Another mechanism underlying spl-TRs may be the relative position change of regulatory elements, such as branch site, in pre-mRNA. We noted that the spl-TR at NARS2, experimentally validated above (Supplemental Fig. S5C,D), lies between the 3′ splice site and branch sites of the regulated pseudoexon (Supplemental Fig. S4). The spl-TR, when expanded to six units, increases the distance from 35 to 49 bp, which exceeds a typical distance (19 to 37 bp), and reduced the efficiency of splicing the pseudoexon (Supplemental Fig. S4; Mercer et al. 2015). In silico mutagenesis of the six-unit allele using SpliceAI showed that mutations creating a branch site sequence TNA, except ones concurrently creating an acceptor motif AG, recovered the splicing efficiency (Supplemental Fig. S6A; Leman et al. 2020). These trends were irrespective of the repeat motif, GTTTTTT, because even random sequences (NNNNNNN) reduced the splicing efficiency, whereas those containing TNA recovered it (Supplemental Fig. S6B).
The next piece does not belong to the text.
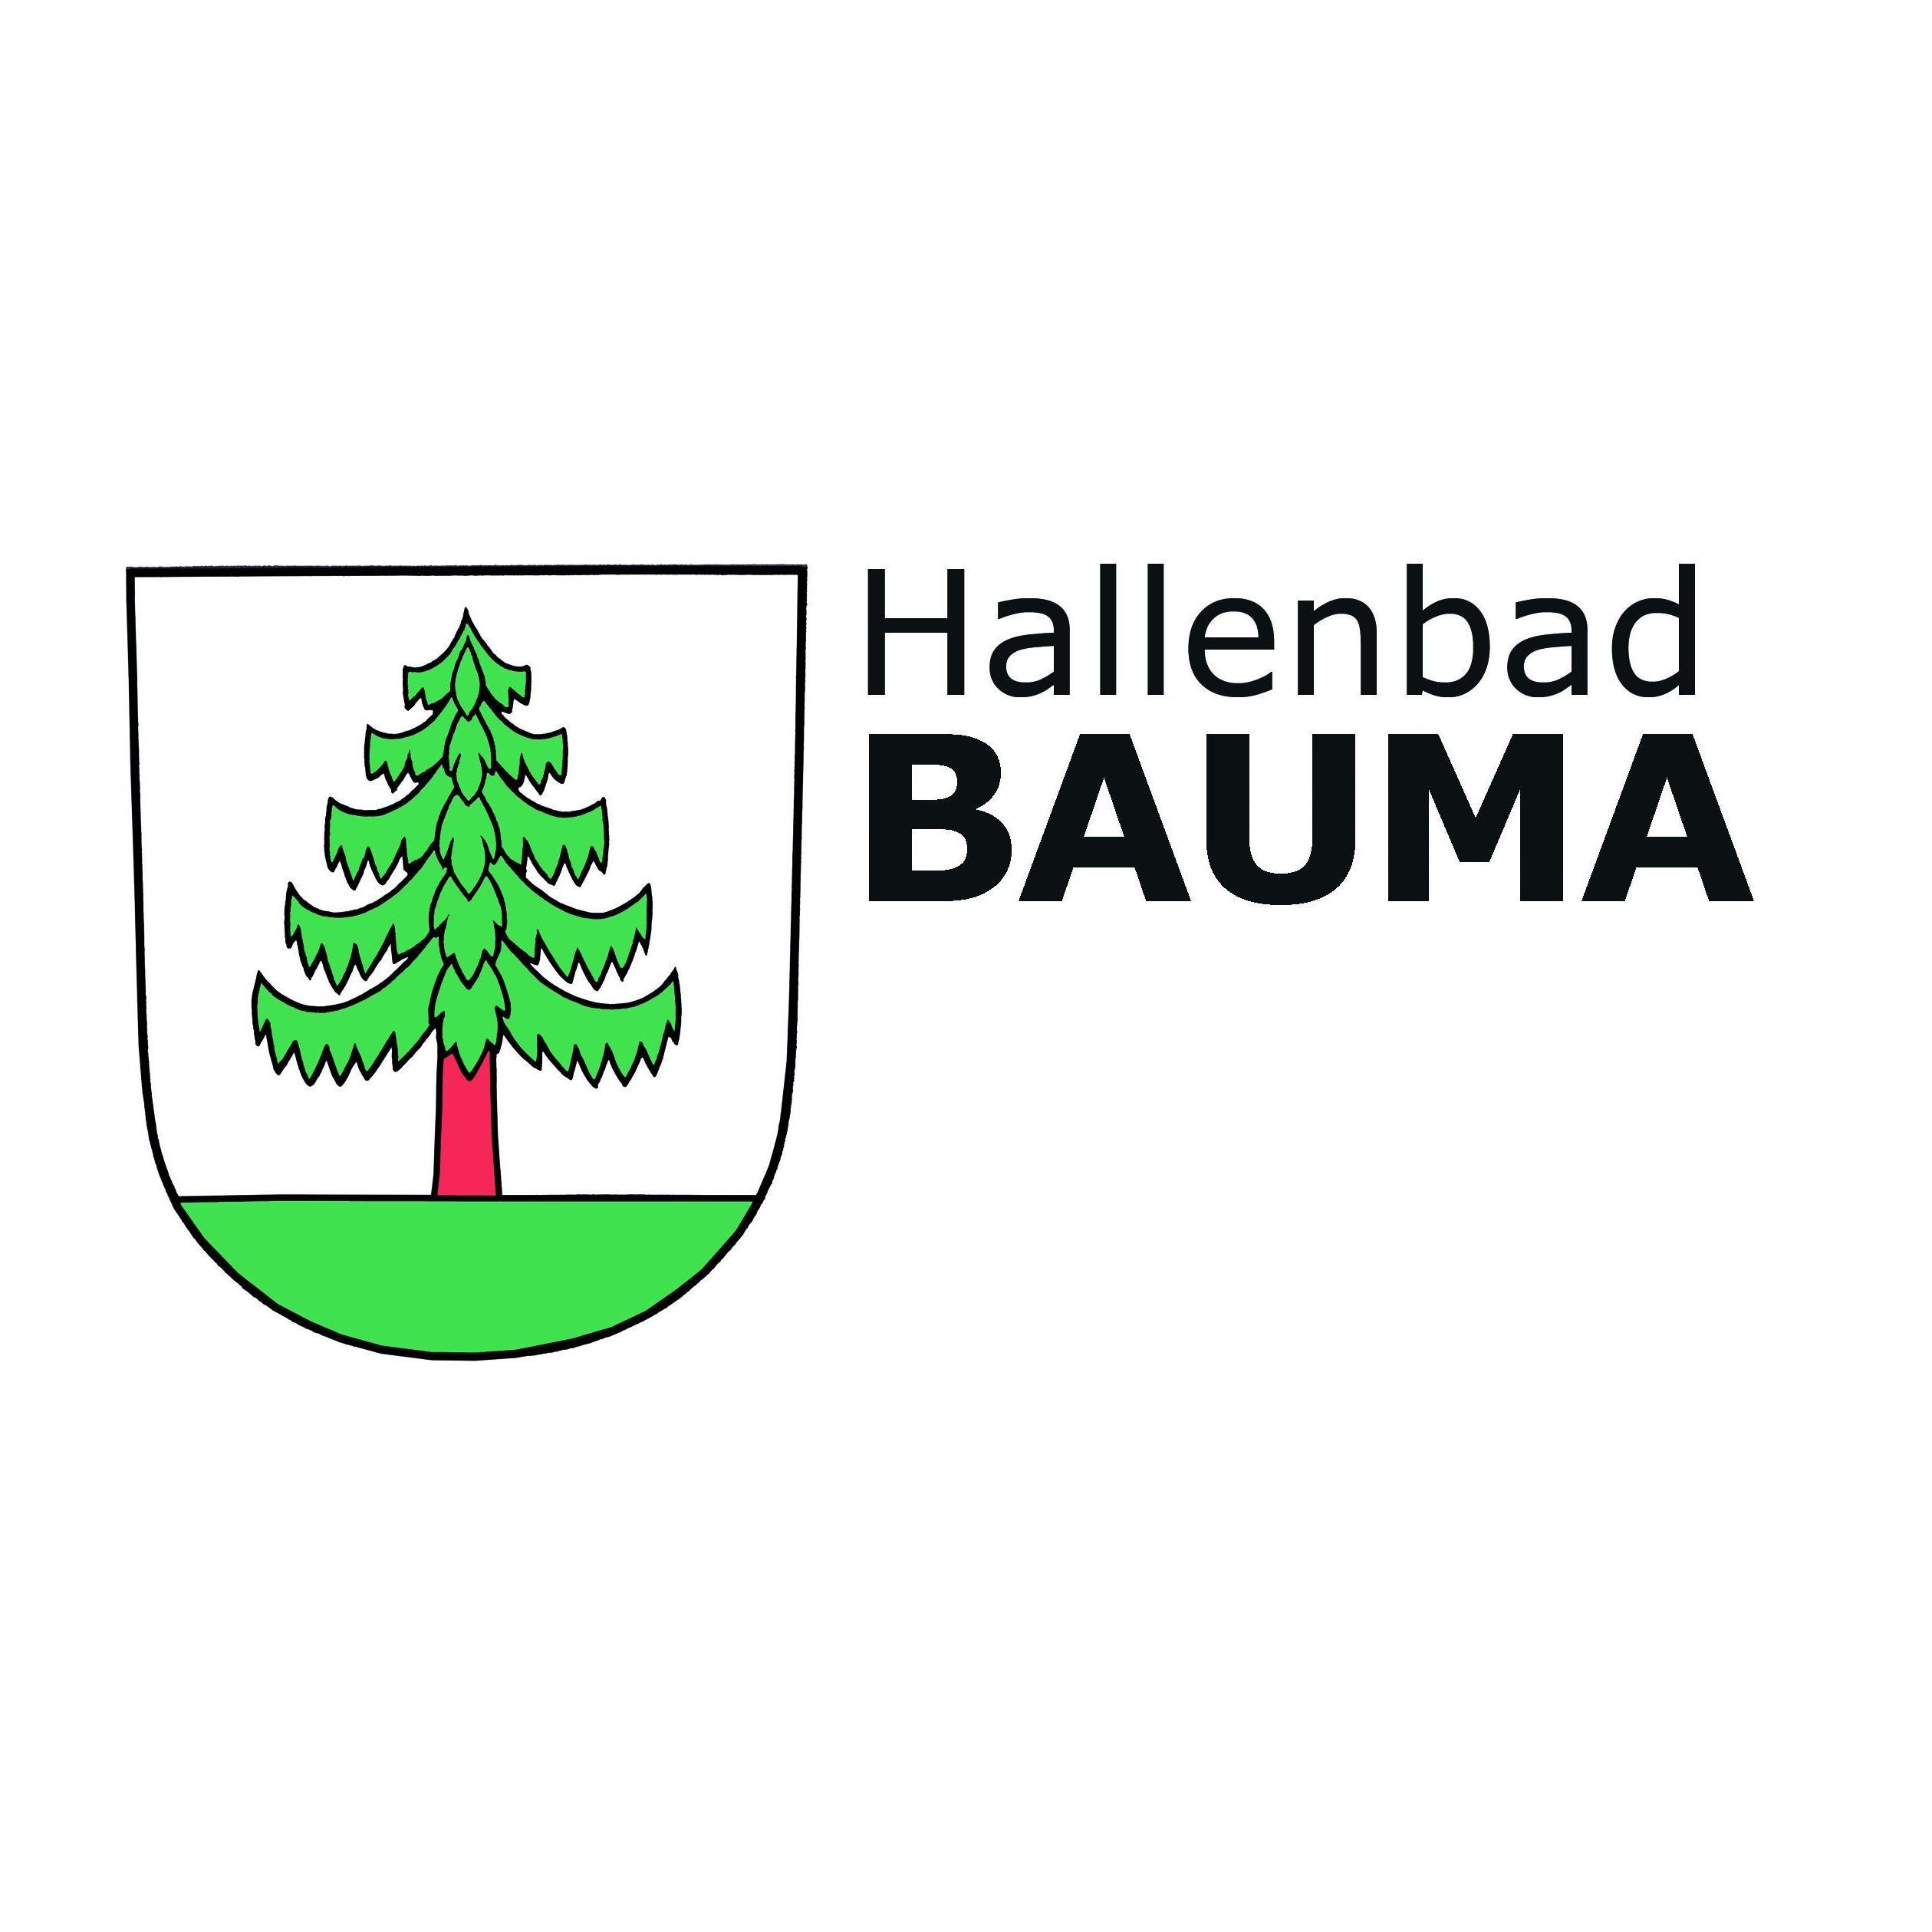 Hallenbad Bauma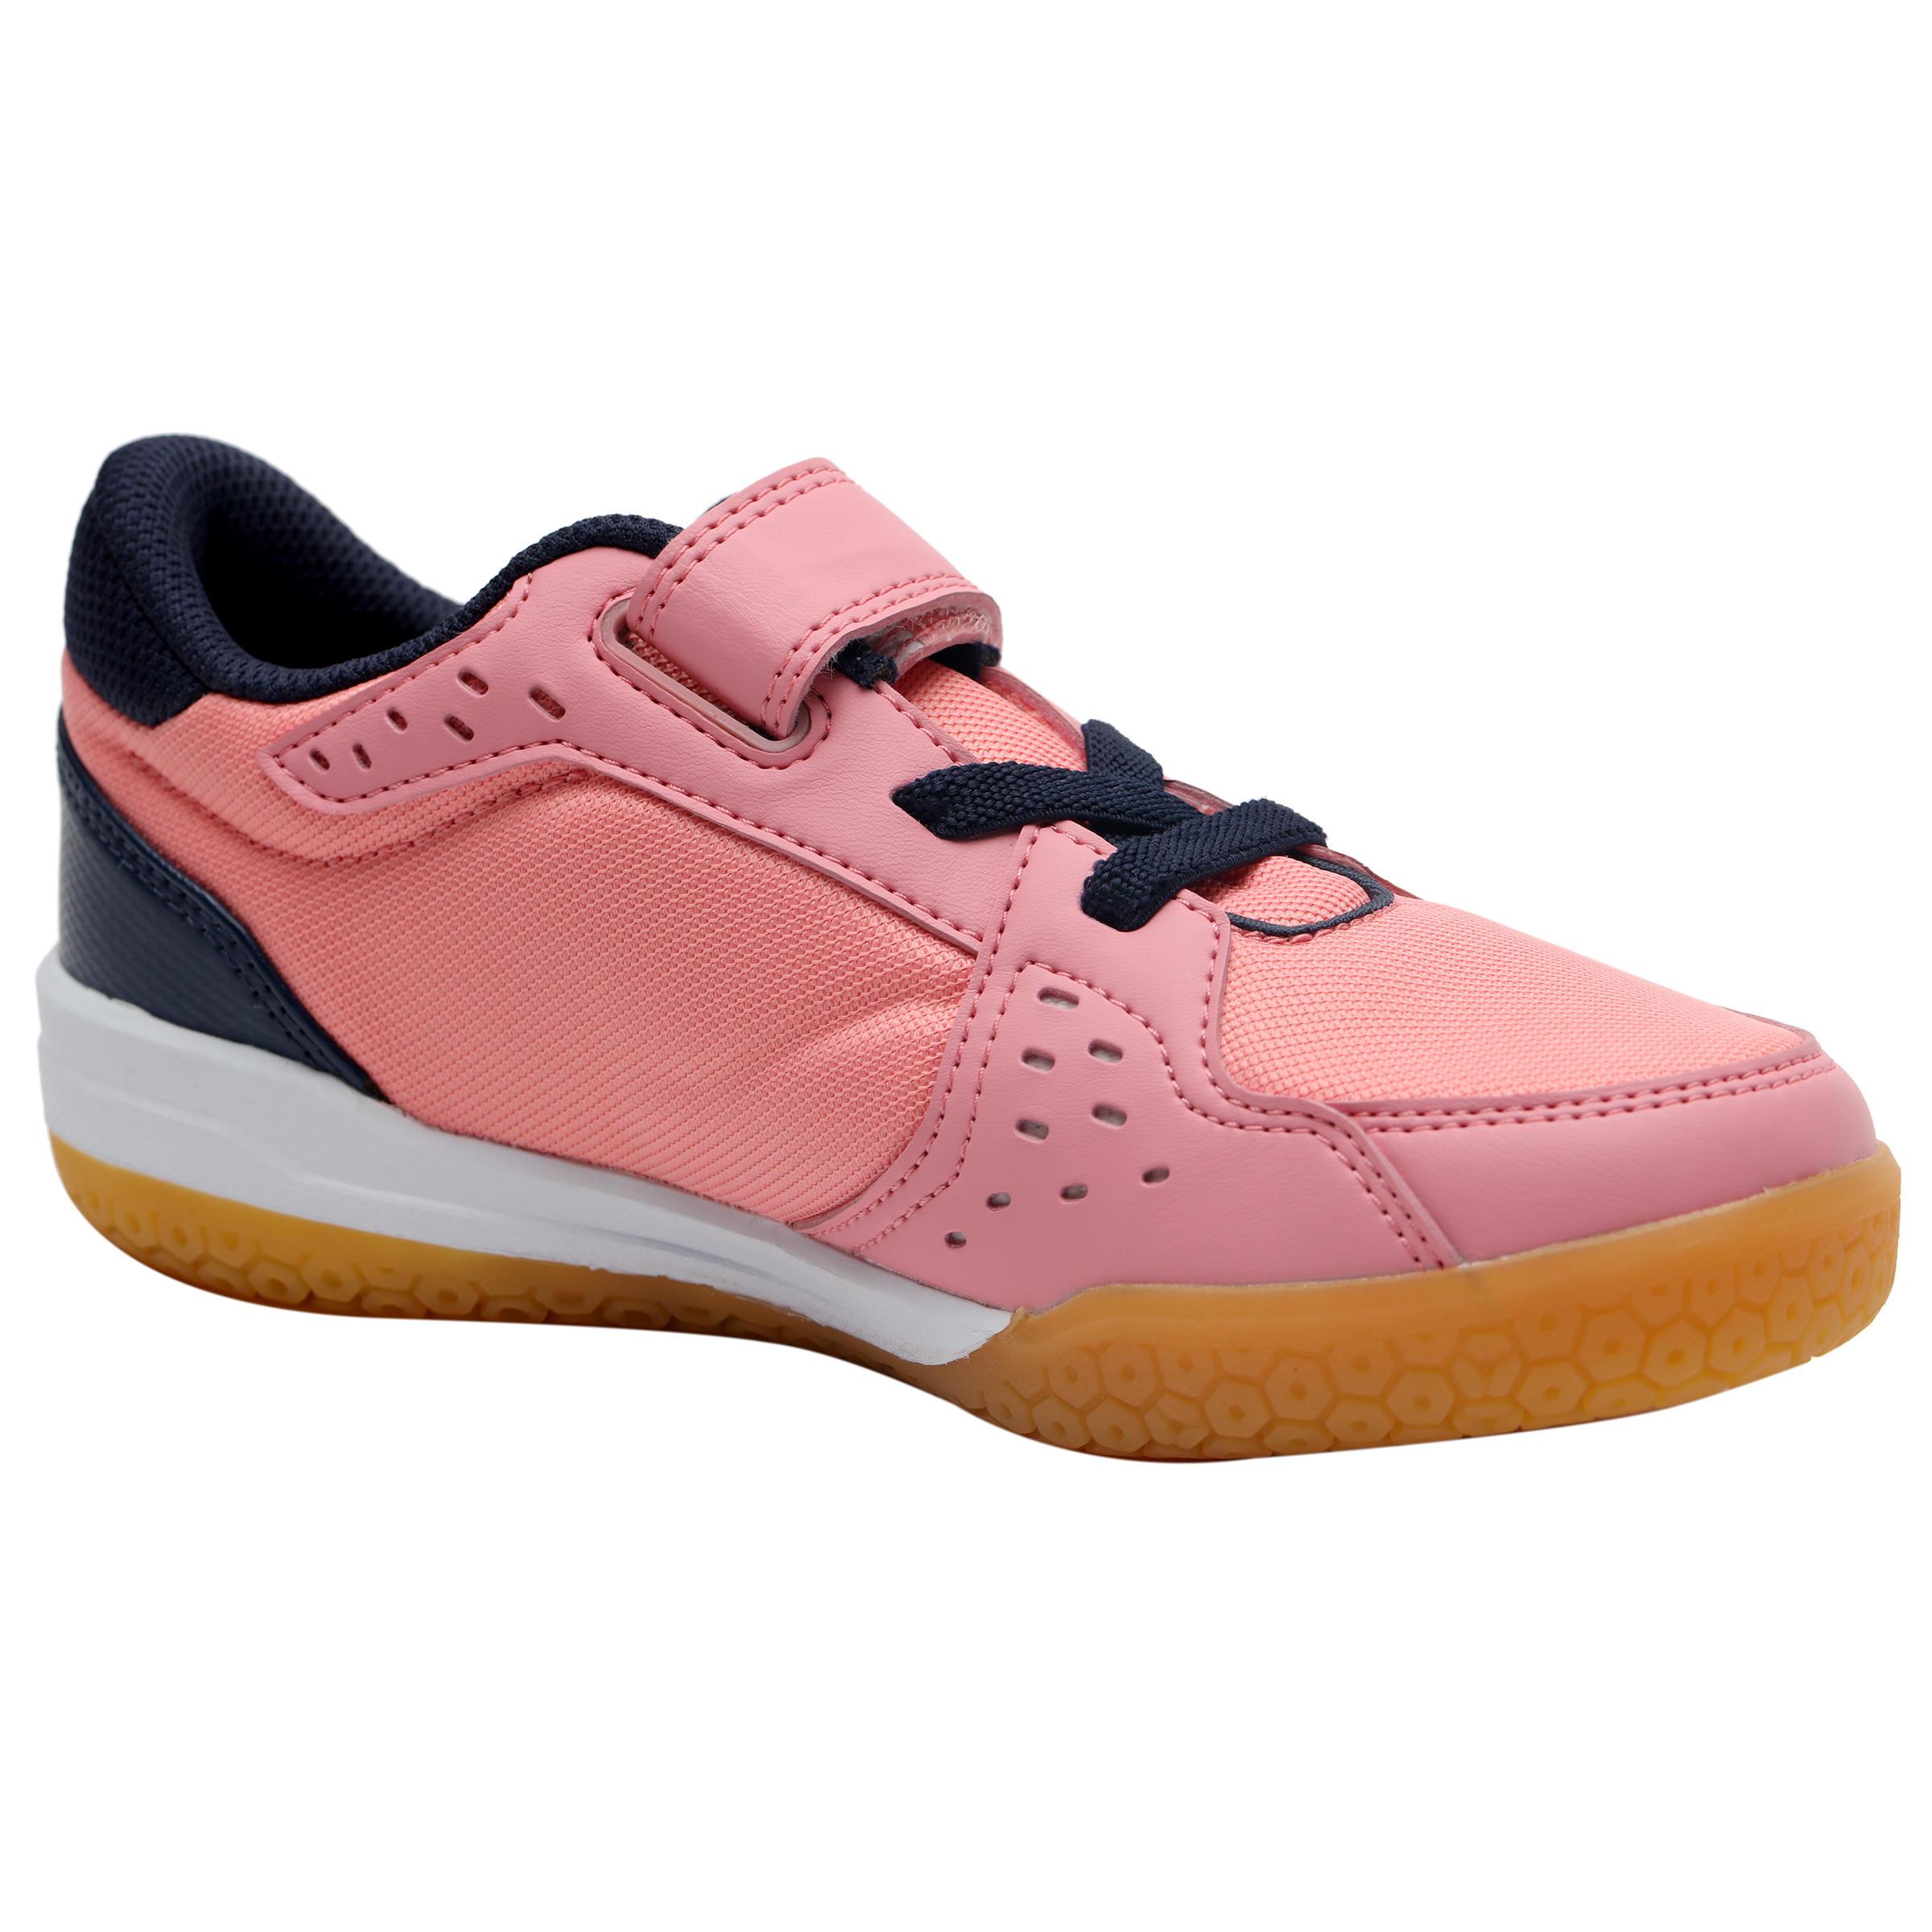 BS730 JR Kids' Badminton Shoes - Pink

Thus, in the regulatory machinery that SpliceAI learned, the NARS2 GTTTTTT repeat regulates splicing through lengthening the distance from the 3′ splice site to branch sites.
Repeat expansion diseases relevant to spl-TRs
Leveraging our spl-TR catalog, we investigated whether TRs contribute to disease pathomechanisms via in-cis splicing alterations. We examined the overlap between our 9537 spl-TRs and 52 known loci responsible for repeat expansion diseases (Supplemental Table S7), and five of them overlapped (Supplemental Table S8). In three of these five, the spl-TR was located near the associated splicing, namely, within the spliced/removed intron or flanking exons: spinocerebellar ataxia (SCA) 6, SCA12, and myotonic dystrophy 1 (DM1).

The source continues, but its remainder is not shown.